Historically, the case of continental drift is more complicated. Geologists tended to largely dismiss this evidence until the 1960s. This was not because the evidence wasn't strong in its own right. Rather, this evidence was found unconvincing because it was not sufficient to overcome prior plausibility considerations that made the drift hypothesis seem extremely implausible — much less plausible that the contraction hypothesis. The problem was that there seemed to be no plausible mechanism by which drift might occur. It was argued, q.ite plausibly, that no known force could push or pull the continents apart, and that the less dense continental material could not push through the denser material that makes up the ocean floor. These plausibility objections were overcome when a plausible mechanism was articulated — i.e. the continental crust floats atop molten material and moves apart as convection currents in the molten material carry it along. The case was pretty well clinched when evidence for this mechanism was found in the form of “spreading zones” containing alternating strips of magnetized material at regular distances from mid-ocean ridges.
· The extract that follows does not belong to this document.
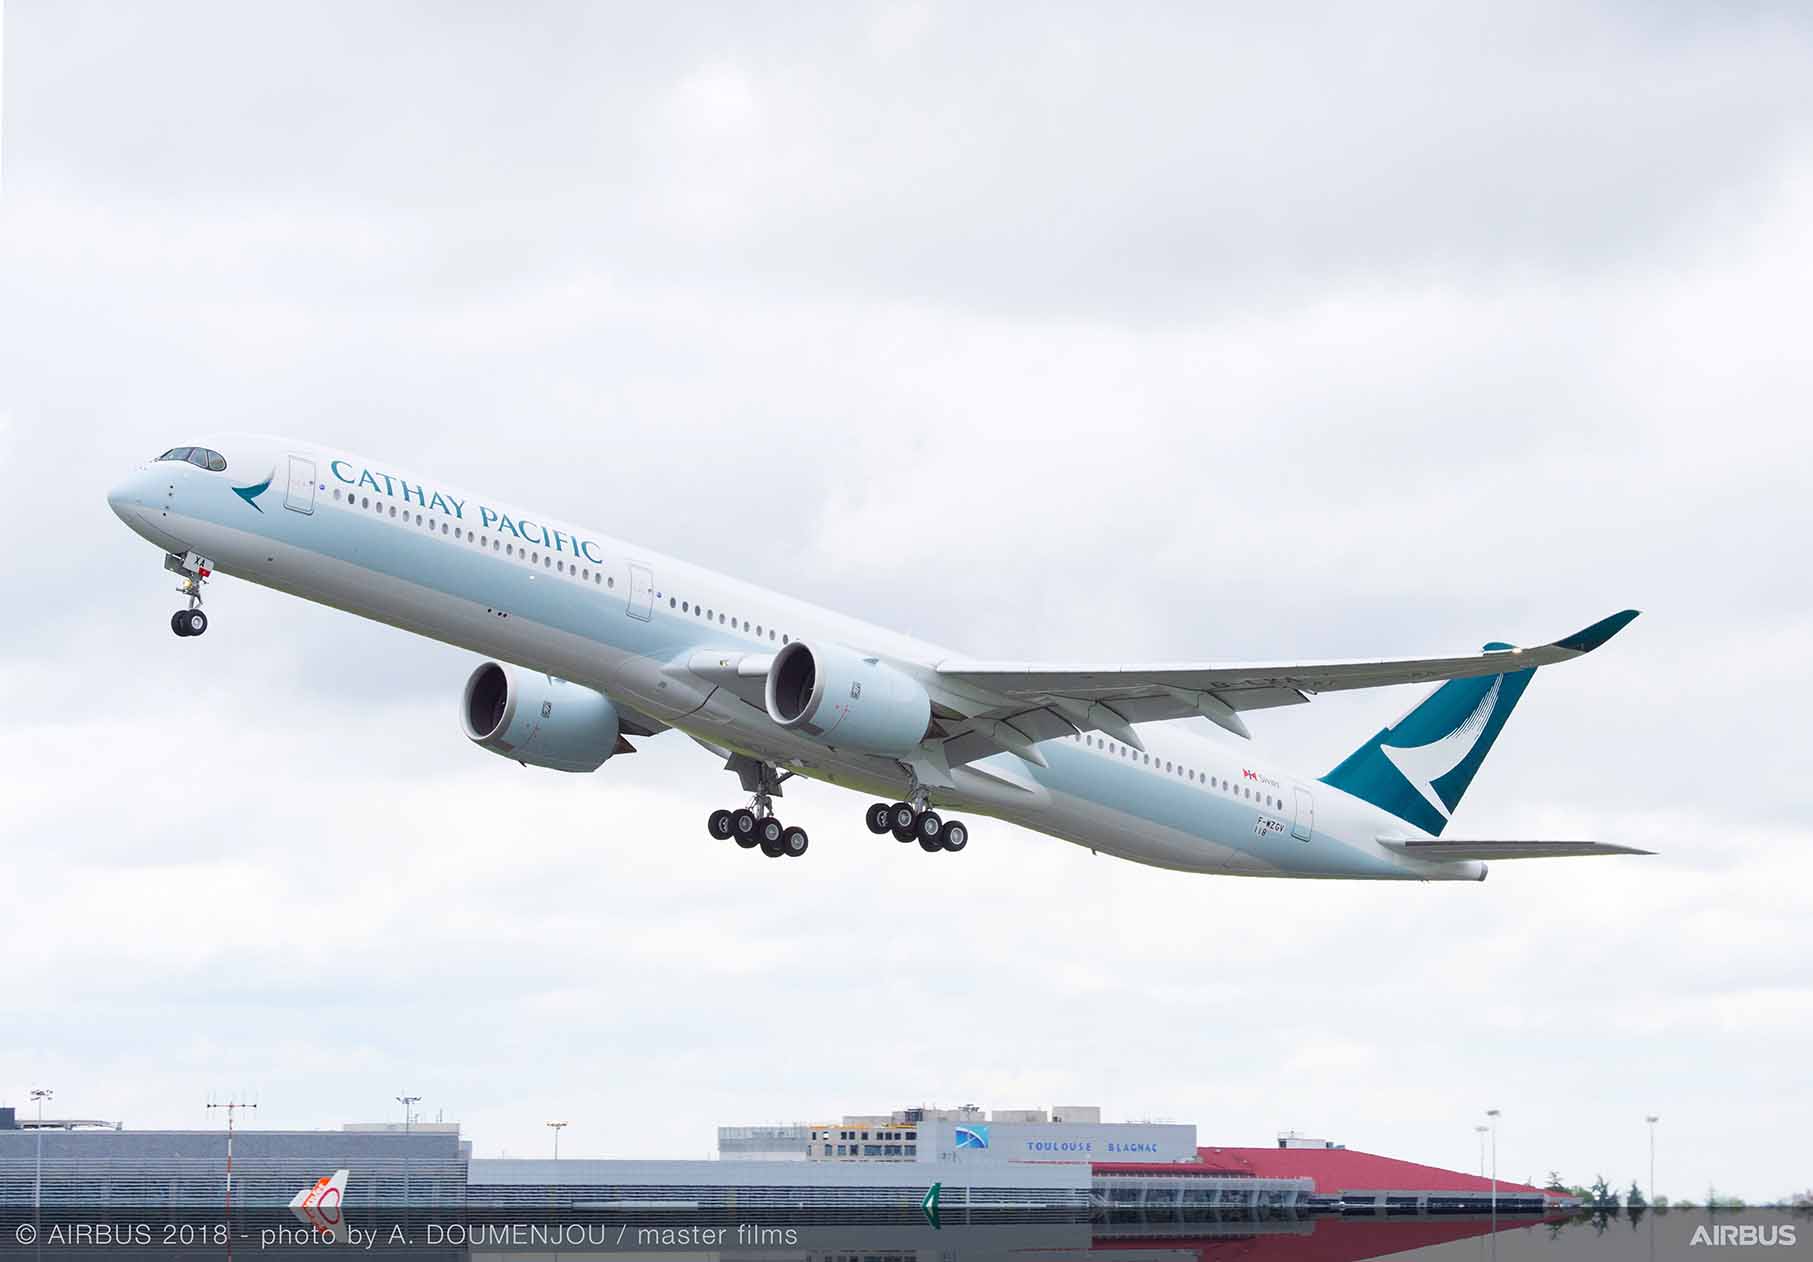 Cathay Pacific pilots found taxiing at lower speed, receive warning

The magnetic alignments of materials in these strips corresponds closely to the magnetic alignments found in magnetic materials in dateable sedimentary layers at other locations on the earth. These magnetic alignments indicate time periods when the direction of earth's magnetic field has reversed. And this gave geologists a way of measuring the rate at which the sea floor might spread and the continents move apart. Although geologists may not be able to determine anything like precise values for the likelihoods of any of this evidence on each of the alternative hypotheses, the evidence is universally agreed to be much more likely on the drift hypothesis than on the contractionist alternative. And, with the emergence of the possibility of a plausible mechanism, the drift hypothesis no longer seems so overwhelmingly implausible prior to the evidence, either. So, the value of a likelihood ratio may be objective or public enough, even when precise values for individual likelihoods are not available.

24. To see the point of the last clause, suppose it were violated. That is, suppose there are possible outcomes for which the likelihood ratio is very near 1 for just one of the two support functions. Then, even a very long sequence of such outcomes might leave the likelihood ratio for one support function almost equal to 1, while the likelihood ratio for the other support function goes to an extreme value. If that can happen for support functions in a class that represent likelihoods for various scientists in the community, then the empirical contents of the hypotheses is either too vague or too much in dispute for meaningful empirical evaluation to occur.

25. Even if there are a few directionally controversial likelihood ratios, where P_α says the ratio is somewhat greater than 1, while and P_β assigns a value somewhat less than 1, these may not greatly effect the trend of P_α and P_β towards agreement on the refutation and support of hypotheses provided that the controversial ratios are not so extreme as to overwhelm the stream of other evidence on which the likelihood ratios do directionally agree.